The unfortunate tradeoff with a schema rather than a file format is portability, but I think as we mature timeline tools we may have no choice.

-Michael Cloppert

H. Carvey said...

Michael,

Ultimately, I do think that a schema is going to be the way to go, as this will be the only way to really manage the data as it comes in. Of course, this will require import filters much as you've described in ex-tip already, but that's to be expected. Having just file system and Registry data from one or two systems can make this sort of thing pretty cumbersome to deal with, particularly when you simply want to see all of the events within a specific time window.

As mentioned before, there will also need to be pivot tables or legends of some kind, such that systems are translated from IP address, MAC address, etc., to a common format, say...NetBIOS or system name.

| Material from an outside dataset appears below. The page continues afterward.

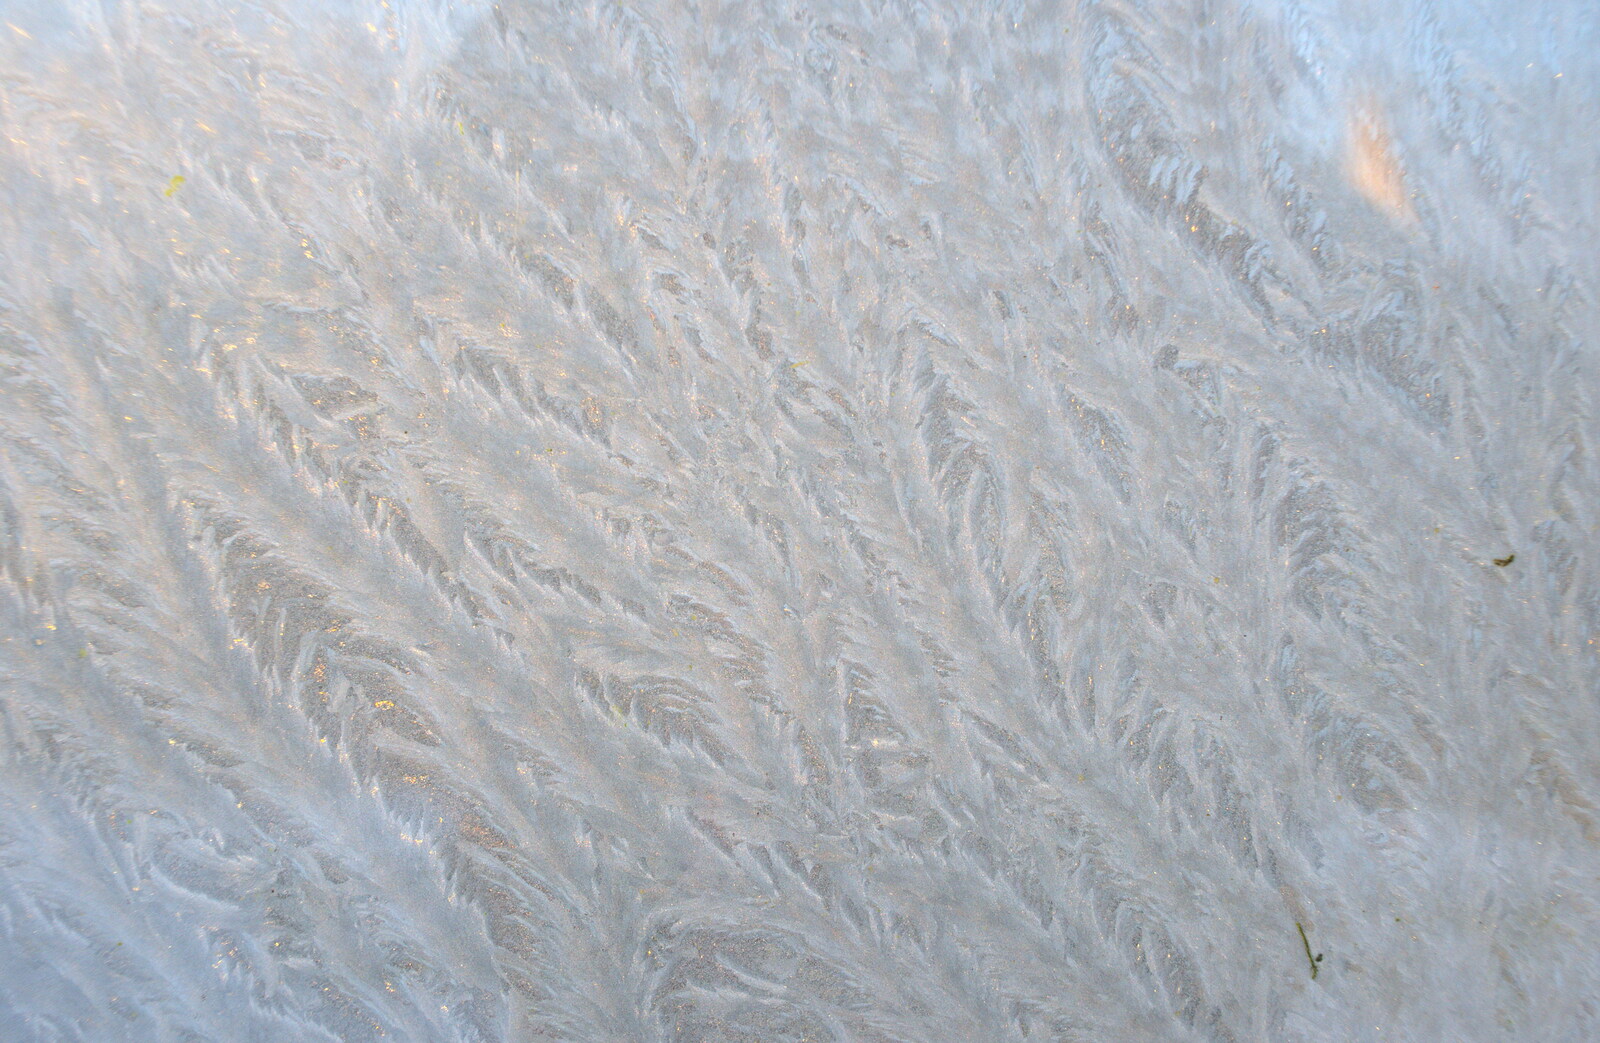 More ice patterns from A Couple of Snow Days, Brome, Suffolk - 16th January 2013

Agreed, portability may be an issue, but tools such as ZeroWine may provide a means of addressing the issue, by providing a modicum of portability.

Anonymous said...

Hello Halan

is there a location where we can download latest evt2xls.pl ?
it does not seem available in http://sourceforge.net/projects/windowsir/

thanks a lot for all your posts and tools

-JulienT

H. Carvey said...

Julien,

I haven't been posting the tools, essentially for this reason...over the past couple of months, I've received emails from people who've asked me for copies of tools, due either to the fact that they needed them RIGHT NOW, or because the tools had been updated and they wanted the latest copies before they were released. In some of the instances where I've provided the tool, I don't get so much as a "thank you" or even acknowledgement that the tool was even received. When I am able to follow up, I will usually ask that if the user was happy with the tool and results, that they say so publicly, as an endorsement (in part) for my upcoming book. This rarely happens, as well, even after the user saying that they would do so.

The most notable exceptions are Lance Mueller's mention of evt2xls, and Ovie's reference in the most recent Cyberspeak podcast to a tool I provided to him.

I know, I probably sound like a complete jerk, asking for something like this...sorry.

Brett Shavers said...

Goodness...a "thank you" is the least someone can do when given help or tools at no cost. Who can't afford to say "Thanks"?

H. Carvey said...

You'd be surprised, dude..."I don't have time, I'm working on a big case", etc, etc.

Anonymous said...

ok, i understand your position. no problem with this.
Sadly, that's also what i observed in many forums and mailing-list. no thanks, no constructive feedback.

All in all, thanks for answer :)

JulienT